Я едва удержалась от того, чтобы снова присвистнуть. Выходит, бабушке можно говорить маме всё, что вздумается, а мне нет?
– Ты предатель, – обиженно сказала я. – Я, между прочим, не выдала папе, что у нас на обед не борщ, а хаггис!
– Хаггис? – повторила мама. – Это же подгузники! Как это может быть на обед?
Мы втроём переглянулись и расхохотались так, что, наверное, здорово напугали ребёнка, который сидел у мамы внутри. Бабушка до слёз смеялась. Они по-настоящему потекли у неё по щекам. А потом мы помогли бабушке уложить вещи и проводили её до остановки, хотя она упиралась и требовала, чтобы мама легла.
– Лягу, лягу, – пообещала мама. – Борщ сварю и лягу.
– Там хаггис есть!
– Ах да. Я забыла…
– Ты всё-таки смотри за мужем, – серьёзно сказала бабушка, перед тем как забраться в маршрутку. – Он у тебя какой-то беспокойный стал. Может, у него на работе что-то?
– Ему страшно, – задумчиво ответила мама. – Наша жизнь так круто меняется.
Когда мы вернулись с мамой домой, я с порога почувствовала: даже воздух в квартире изменился. Дело не в том, что запах стал другим (по-моему, наша квартира ещё недели две будет пахнуть бараниной после бабушкиных кулинарных экспериментов).

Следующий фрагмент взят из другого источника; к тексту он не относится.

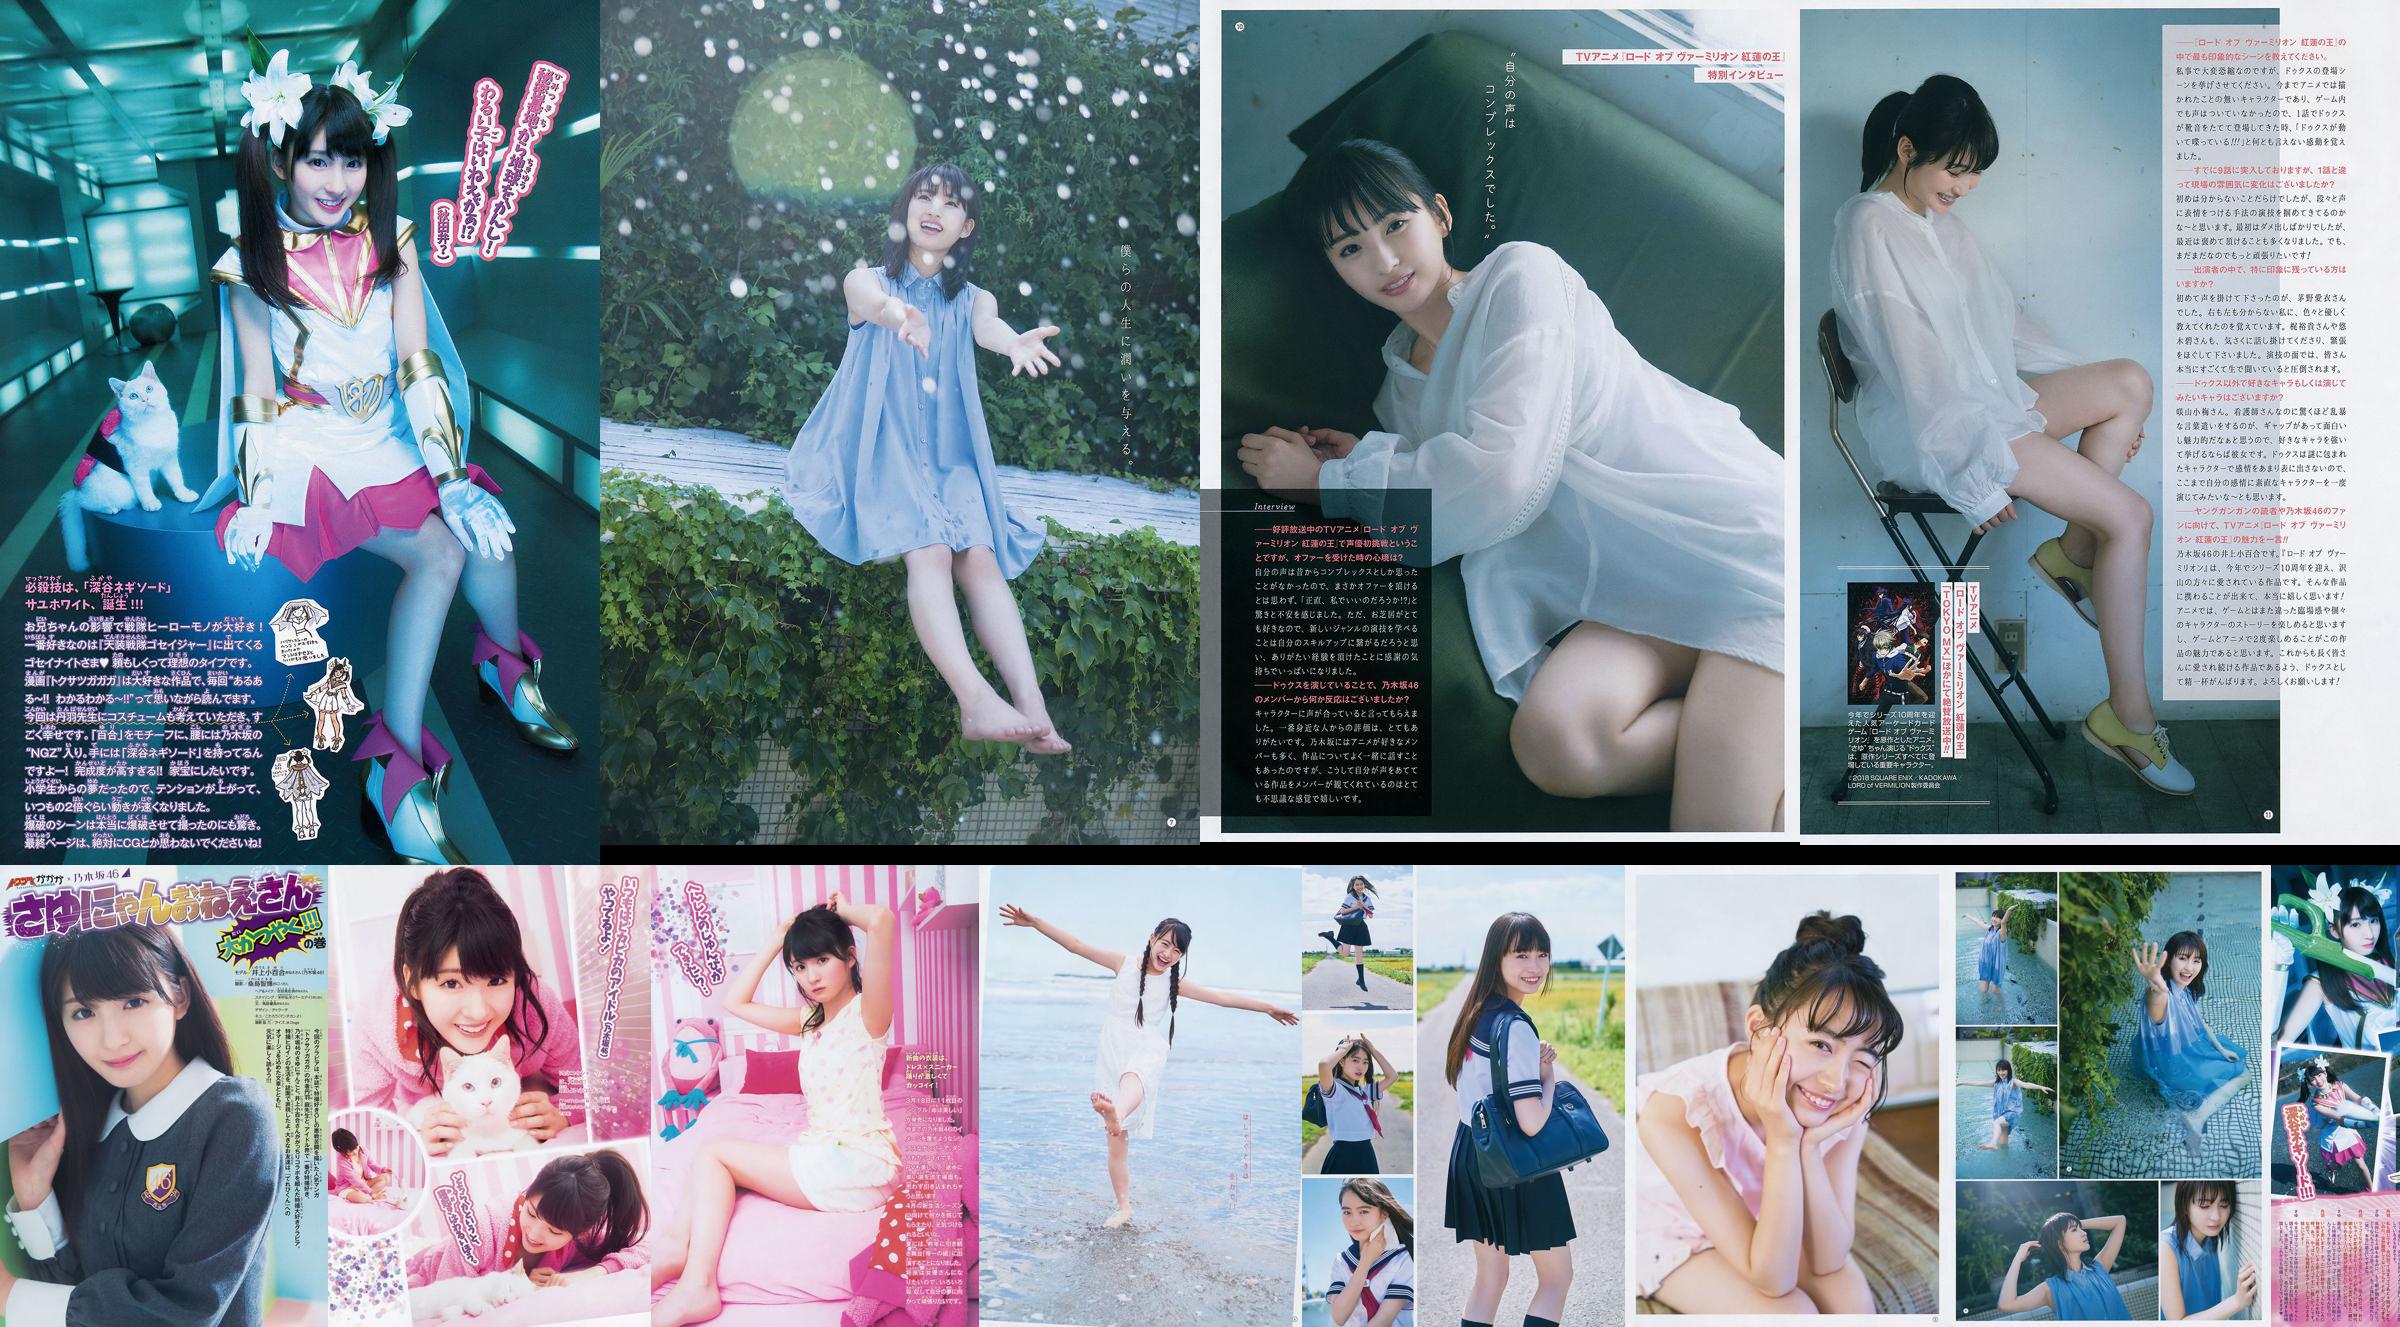 [Young Gangan] Sayuri Inoue Its original sand 2018 No.18 Photo Magazine No.d272cd Page 2

Изменилось что-то неуловимое: в квартире появились уют и покой, словно наш дом выпил чашку какао и теперь счастливо мурлыкал. Всё было как обычно, но вместе с тем празднично. Сквозь мою ревность, как лучи солнца сквозь пожухлую листву, пробивалась радость. Мама вернулась домой…

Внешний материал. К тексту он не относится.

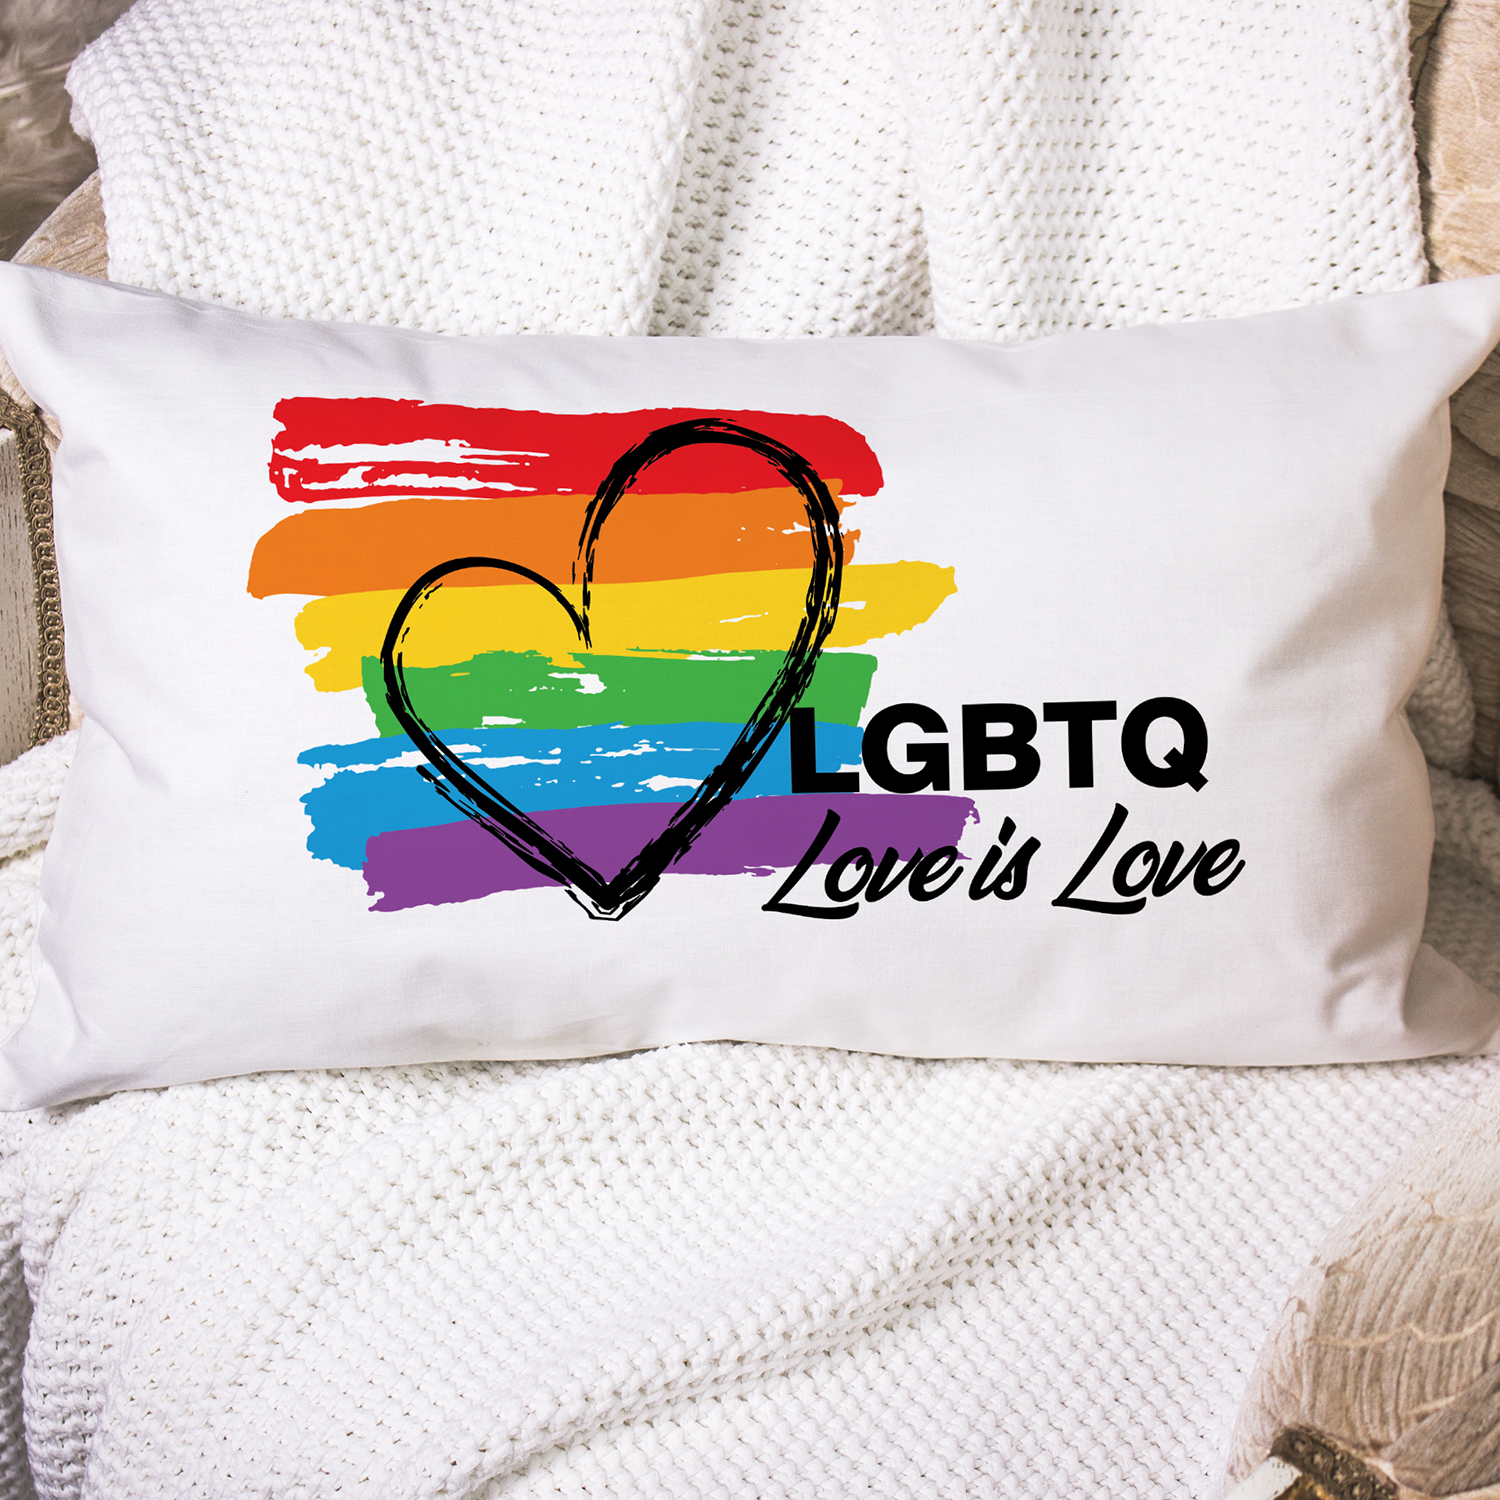 LGBTQ love is love svg preview.

Мы занялись обычными делами: я – уроками, мама – готовкой. Я делала русский – выписывала из «Анны Карениной» фразы с союзом «как», объясняя, нужна ли запятая или нет. «…Он терпеть не мог, когда к нему обращались не как к Константину Лёвину, а как к брату знаменитого Кознышева». Простое дело, но каждый взмах ручки казался особенным, правильным, оттого что мама вернулась. Даже в шелесте страниц слышалось: «Вернулась, вернулась, вернулась». «Счастлива, как никто», – подумала я и приписала это предложение к столбику с примерами, иллюстрирующими употребление союза «как».
Запахло тушёной свёклой, потом капустой. Борщ на ужин – какая глупость! Борщ на ужин – какое счастье.

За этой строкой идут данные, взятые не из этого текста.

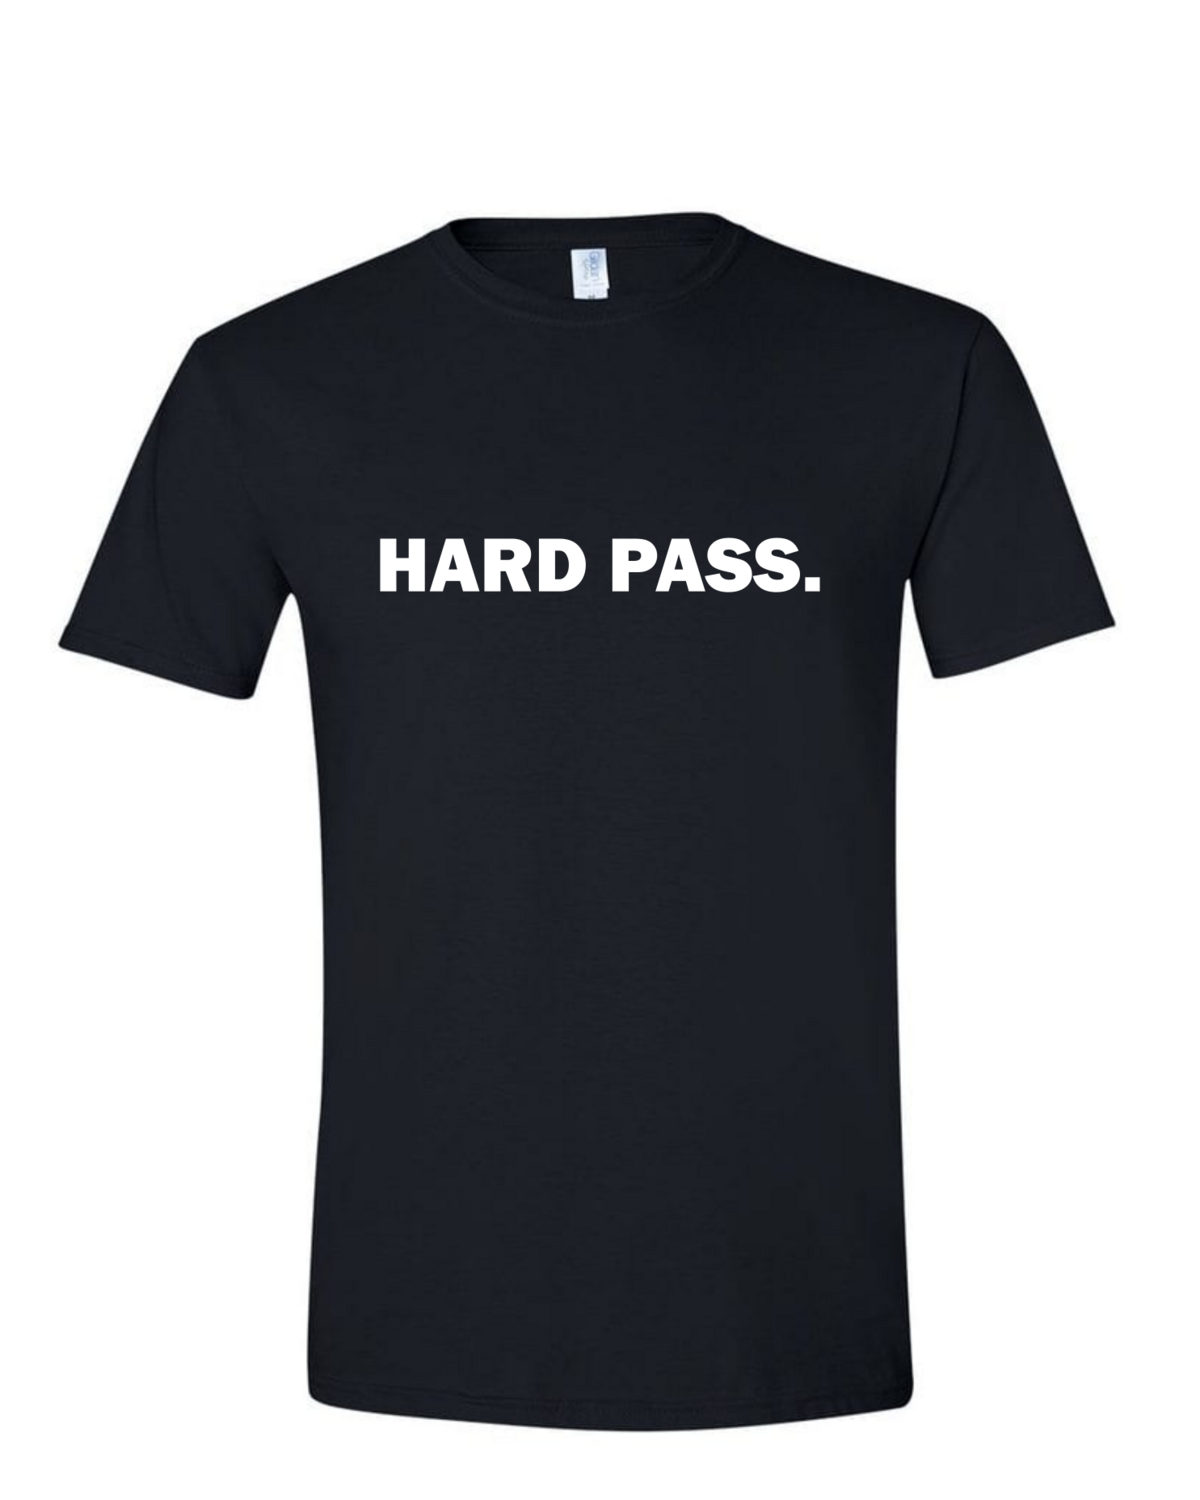 Hard Pass - (Mens/Ladies Shirt)

Доделав домашку и подготовившись к очередному занятию с Даной, я заглянула к маме. Она лежала и улыбалась, поглаживая живот. Красивая блузка уже висела на стуле; на маме была папина выцветшая футболка, но от этого мама казалась ещё милее.
– Иди поешь, – попросила она.
– Потом…
– Не хочешь?
– Очень! Очень хочу. Можно, пока папы нет… Ну или дело не в папе… Можно мне полежать с тобой на кровати?
Мама молча протянула ко мне руки.
– Только я на правом боку не могу, – виновато сказала она. – Он почему-то сразу начинает пинаться.
– Ничего, – пробормотала я, забираясь к ней и прижимаясь к её спине. – Так тоже хорошо.
Некоторое время мы лежали молча, слушая бульканье увлажнителя. Я следила, как клубы лимонного пара поднимаются к потолку, медленно доплывают до окна и разлетаются на тысячу частиц, столкнувшись со стеклянной реальностью.
– Почему жизнь состоит из одних обломов? – спросила я.
– Не только, – тихонько сказала мама.
– В основном же так. Вот смотри. Я ездила в Испанию. Повышала там свой уровень знаний. Я думала, это всё пригодится на уроках с Даной. А вот нет… От меня требуется совсем не то.
– В этом году с ней труднее?
– Гораздо, – призналась я, – и всё из-за памяти. Из-за удара головой. Сегодня мы занимались с Даной испанским. И это какое-то хождение по кругу. Топтание на месте. Я вставляю в диалоги новые слова, а она их как будто не замечает. Прошу повторить, она не против. Но через секунду уже забывает. Иногда я чувствую такое отчаяние… Как будто копаю землю в поисках сундука с монетами, а все, кроме меня, знают, что никакого клада там нет. Я никогда и нигде не чувствовала себя такой бесполезной, мам.
– Надо бы поговорить с врачами.
– Какими? Они были у всех. Невролог, психолог, даже хирург. Всех обошли. Я тут как-то Розу Васильевну с журналом про звёзд засекла. Она обычно про певцов или певиц читает. А тут на последней странице открыла. Увидела меня, захлопнула. Но я потом нашла такой в киоске, посмотрела. Там реклама каких-то целителей народных. Так и представляю: приду к Дане, а там сидит заклинатель змей, на дудочке играет, а Данка перед ним выплясывает. А сколько она уже орехов ей скормила, мам! У Даны скоро беличий хвост вырастет.